В те времена, о которых идет речь в этом рассказе, Козьмодемьянск окружали нетронутые дремучие леса. Они подступали к самым стенам городка, шли до Суры, до Цивильска, до Ядрина; редко-редко среди сплошного густого леса попадались клочки вспаханных полей и маленькие — в одну-две избы — марийские селения — илемы.
Илем Аштыва́я стоял на берегу Юнги, что впадает недалеко от Козьмодемьянска.
Аштывай жил в низенькой, черной от дыма и копоти курной избенке. Семья у него была немалая — семеро детей, мал мала меньше; старшему сыну Поранда́ю лишь тринадцатый год пошел.
Нелегко прокормить такую семью, и Аштывай трудился от зари до зари: в Юнге рыбу ловил, в лесу борти ставил, с раннего утра до ночи работал в поле.
Каждую весну, умываясь соленым потом, пахал он поле деревянной сохой из крепкого корня, потом полной горстью разбрасывал зерно, а осенью выходил на поле с серпом. Соберет Аштывай урожай, обмолотит — и грустно почешет в затылке: опять хлеба не хватит даже на ползимы.
Тогда отправляется Аштывай в лес за желудями. Намешает в муку толченых желудей, древесной коры — и, глядишь, переживут длинную зиму, дотянут до нового урожая.
Беден дом Аштывая, пуст амбар, но есть у него заветное сокровище — дареная золотая чаша.
Эту чашу в давние годы царь Иван Грозный пожаловал сотнику горно-марийской стороны Акпа́рсу за помощь марийцев в битвах против казанского хана. А теперь владел ею внук Акпарса Аштывай.
На ту заветную чашу давно уже зарился юнгинский старшина Воло́тка, да Аштывай готов лучше голодом сидеть, чем отдать чашу в чужие руки.
Волотка тоже из марийцев, только из другого рода; настоящее имя его Панге́лде, но, чтобы подладиться к русским властям, он крестился и принял новое имя — Володимер, которое марийцы переделали на свой лад.
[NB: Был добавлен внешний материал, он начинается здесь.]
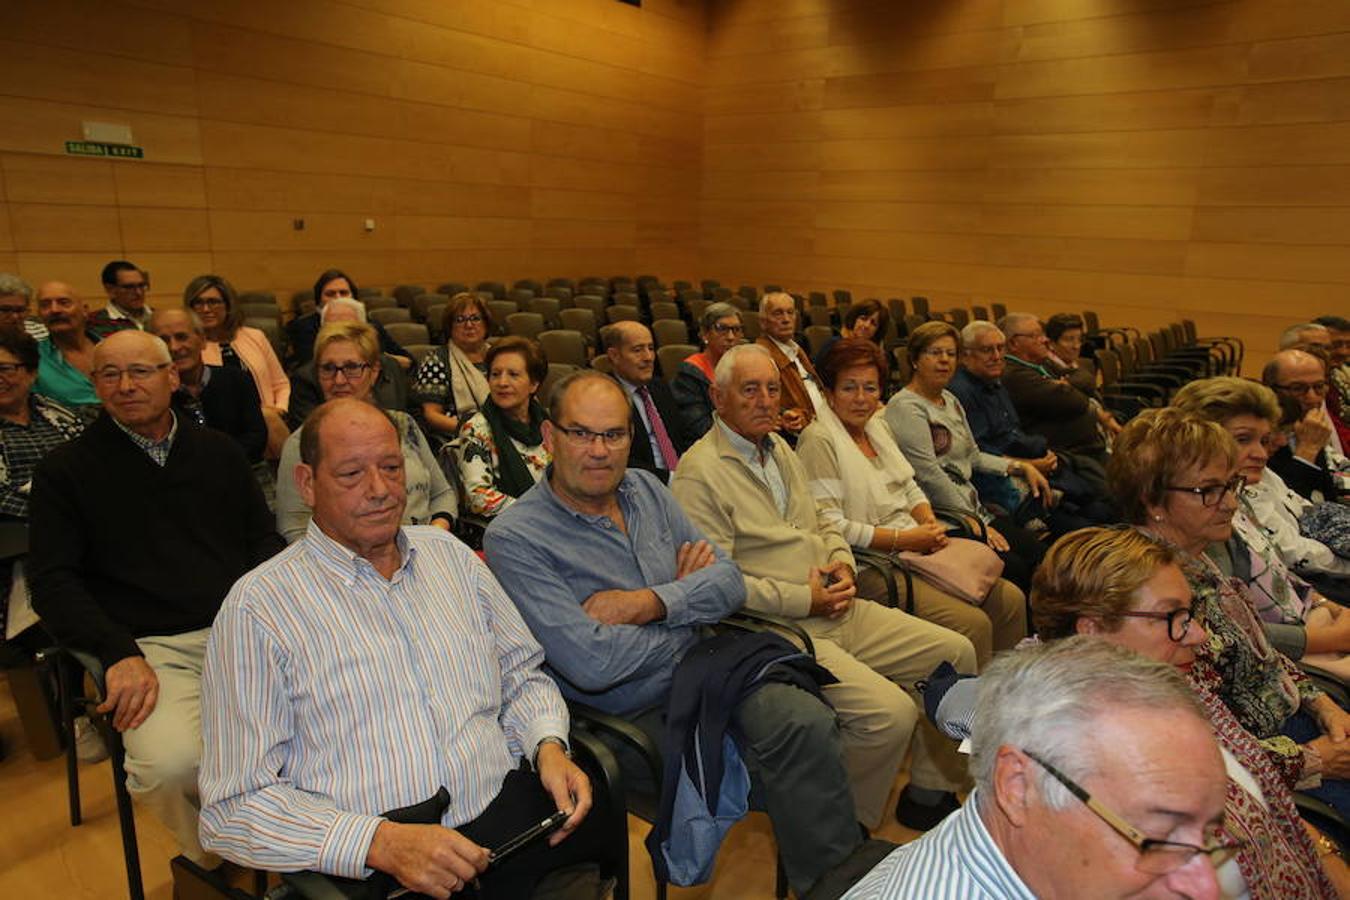 La alcaldesa de Logroño, Cuca Gamarra, y la consejera de Presidencia, Relaciones Institucionales y Acción Exterior, Begoña Martínez Arregui, han participado en Riojafórum en el acto institucional con motivo del 40 aniversario de la Asociación de Pensionistas y Jubilados de La Rioja.

Так он стал Волоткой.
Волотка по приказу воеводы собирал ясак в окрестных илемах. Мужики боялись его пуще огня; один Аштывай не дрожал от страха, когда к нему жаловал марийский тора.
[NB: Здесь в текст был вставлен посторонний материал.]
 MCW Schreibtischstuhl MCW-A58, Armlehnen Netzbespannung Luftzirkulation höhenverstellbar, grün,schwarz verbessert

И денег обещал Волотка за царскую чашу, и воеводской тюрьмой пугал, но Аштывай уперся: «Не отдам — и все».
— Ну, погоди, ярыжка-голодранец! — пригрозил как-то раз обозленный Волотка. — Придет время, в ноги мне поклонишься, да поздно будет!..
— Не пугай, — ответил Аштывай, — я не пужливый. Острые зубы у волка, да не всякий раз до горла добираются.
— Не отдашь чашу добром, силой отберу, — в ярости прошипел Волотка.
Так и уехал Волотка из илема Аштывая ни с чем, но надежды завладеть царским подарком не оставил. Мысль о чаше червем точила его душу. А вскоре выпал удобный случай отомстить соседу за строптивость.
В один весенний день в город прибыл гонец с царской грамотой, в которой повелевалось поставить на горном берегу монастырь.
Козьмодемьянский воевода вызвал к себе Волотку и сказал:
— Ты, Володимерко, хорошо знаешь места меж Юнгой и Сурой. Скажи, где сподручнее ставить монастырь? Место надо выбрать доброе, чтобы были там пахотные земли, и рыбные угодья, и дубовые рощи.
Волотка раздумывал недолго.
— Есть такое место на Юнге, батюшка воевода, — вкрадчиво проговорил он, — очень доброе место: и пахотные земли, и рыбные угодья, и дубравы — всё рядом. Самое подходящее место для монастыря. А живут там поганые язычники, не желающие принимать святого крещения.
— Поганые язычники, говоришь?
— Язычники, — подтвердил Волотка.
— Ежели так, то самое место поставить там монастырь, — решил воевода, — авось святые отцы обратят этих басурман в православную веру.
На другой день воевода послал на Юнгу боярского сына Федора Дергалова со стрельцами и с Волоткой объявить тамошним марийцам, что их земли отныне отходят к новому монастырю.
— Перед нехристями держитесь смелее, — напутствовал он Дергалова и Волотку, — коли надо будет, силу свою покажите.
Радуясь и торжествуя, мчался Волотка к илему Аштывая.
А хозяин илема в то время, не ведая, что над его головой собираются черные тучи, перепахивал поле за дубравой.
Шагая за сохой, размечтался Аштывай: «Вспашу поле, засею добрым зерном, уродится рожь на славу: солома, что камыш, зерно, что яйцо…»
Он и не заметил, как подбежал к нему сын Порандай, потянул за рукав:
— Отец, к нам во двор люди приехали!
— Какие люди?
— Воеводские. Все верхами, у всех топоры на длинных палках. И Волотка с ними…
Услышал Аштывай про Волотку, встревожился.
— За тобой послали, — продолжал Порандай. — Сердятся. «Почему хозяина дома нет, когда мы приехали», говорят…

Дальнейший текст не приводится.